In the invention of claim 4, after all the first partial areas are scanned in the image of the reference object to obtain the autocorrelation value, it is determined whether or not the reference image is in order from the first partial area having the largest autocorrelation value. Therefore, it is verified whether the candidate first partial region is appropriate as the reference image, so that an optimum reference image can be determined for an object having a relatively simple shape.
[0037]
The invention according to claim 5 finds the complexity of a partial region at an appropriate position. If it is a complex image, the reference image is obtained by the method of claim 3, and if it is a simple image, the reference image is obtained by the method of claim 4. In a complex image, there is an advantage that a relatively good reference image can be set in a short time by obtaining a reference image in the process of sequentially scanning the first partial region, and a simple image In the process of scanning the first partial area, it is difficult to find the reference image. Therefore, there is an advantage that the optimum reference image can be found in a relatively short time. That is, the reference image can be determined by a procedure suitable for the complexity of the object.

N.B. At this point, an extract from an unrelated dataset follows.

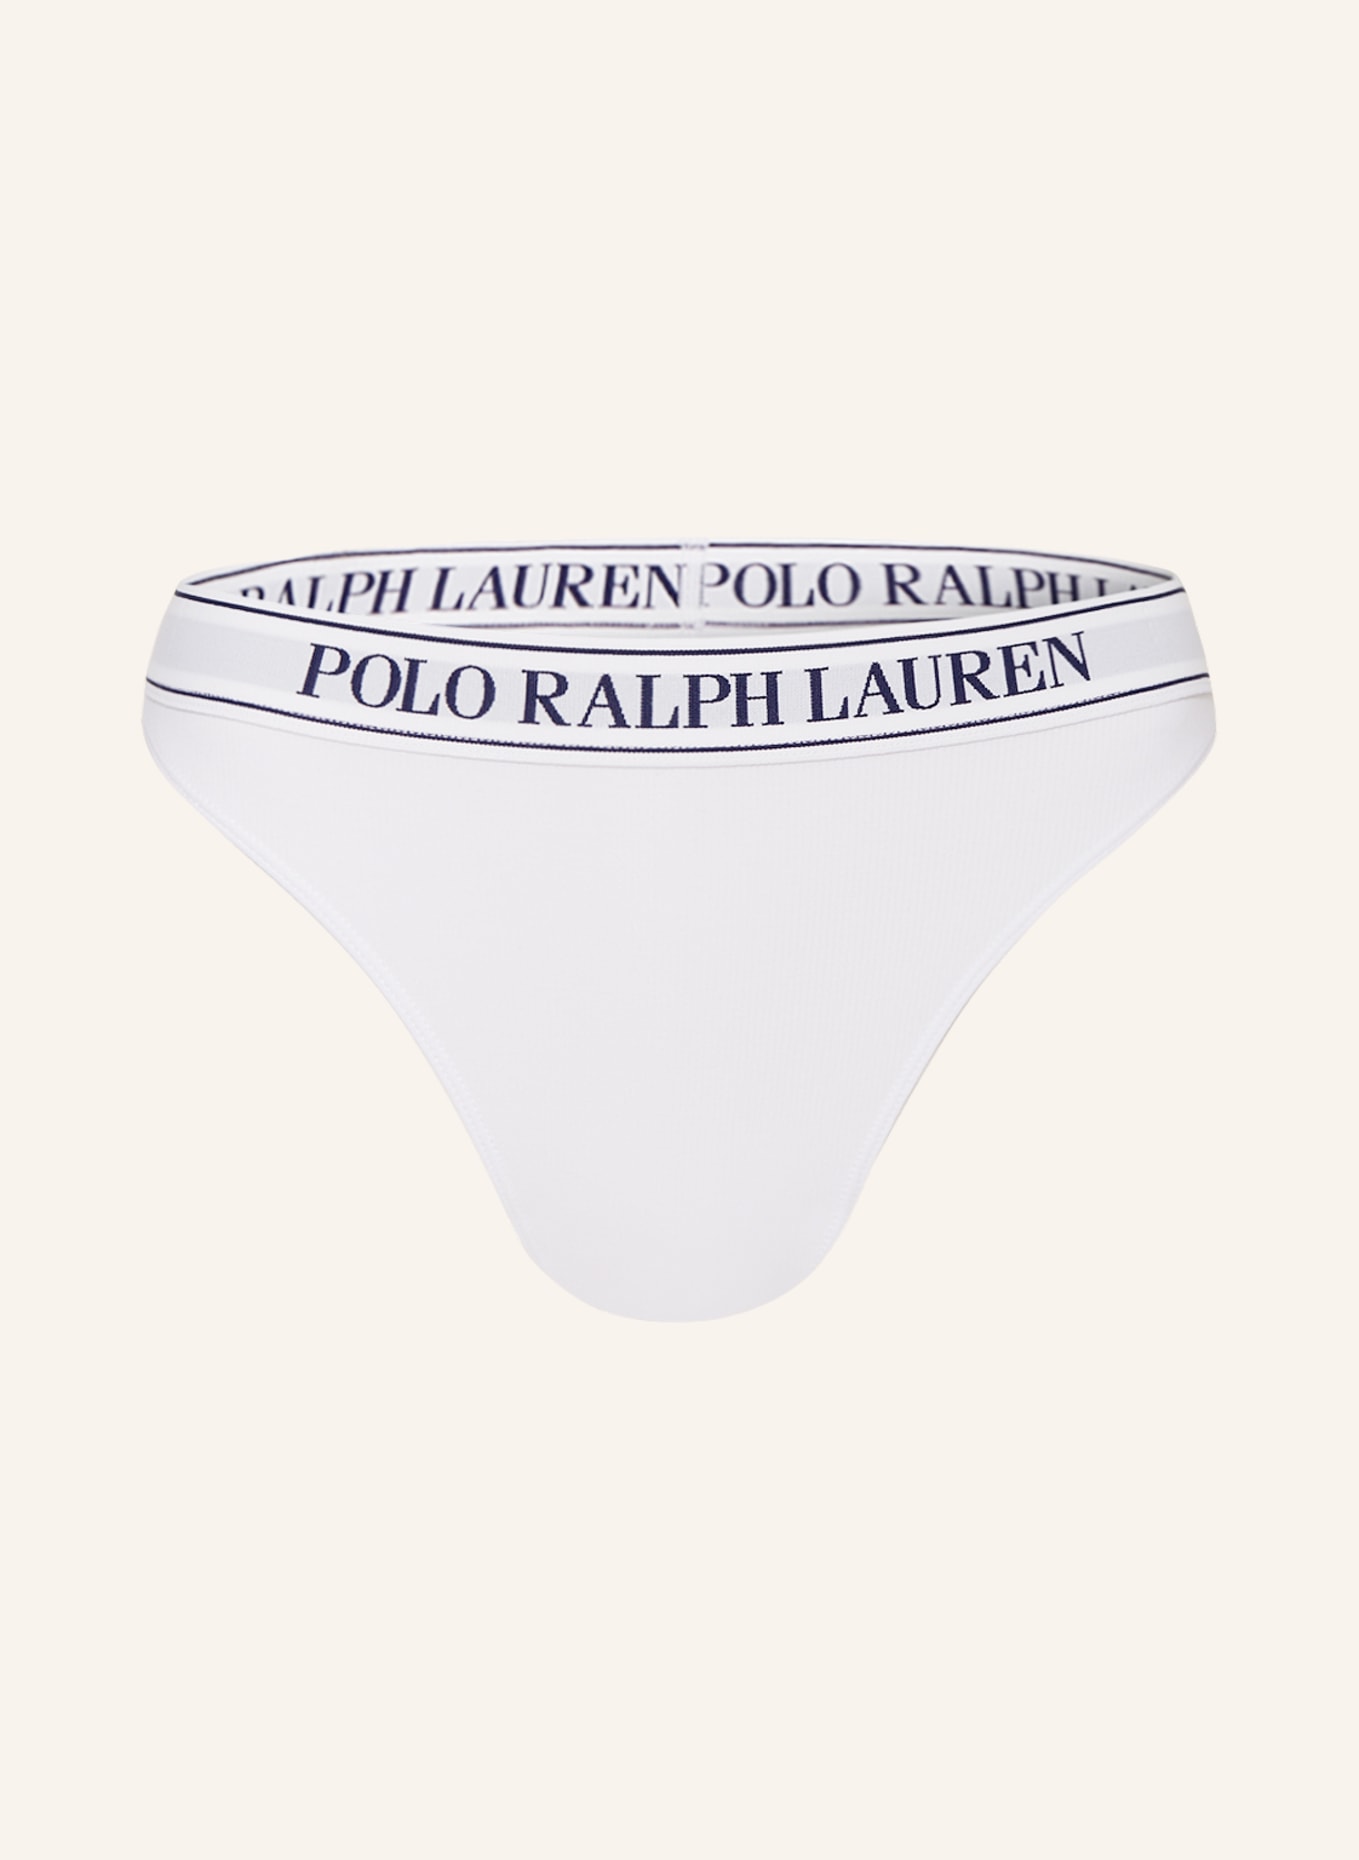 POLO RALPH LAUREN Thong in white

[Brief description of the drawings]
FIGS. 1A and 1B show a first embodiment, in which FIG. 1A is a block diagram, and FIG.
2 is a schematic configuration diagram of an apparatus used in Example 1. FIG.
3 is a schematic configuration diagram of an apparatus used in Example 2. FIG.
4 is an operation explanatory diagram of Embodiment 2. FIG.
FIG. 5 is an operation explanatory diagram of the third embodiment.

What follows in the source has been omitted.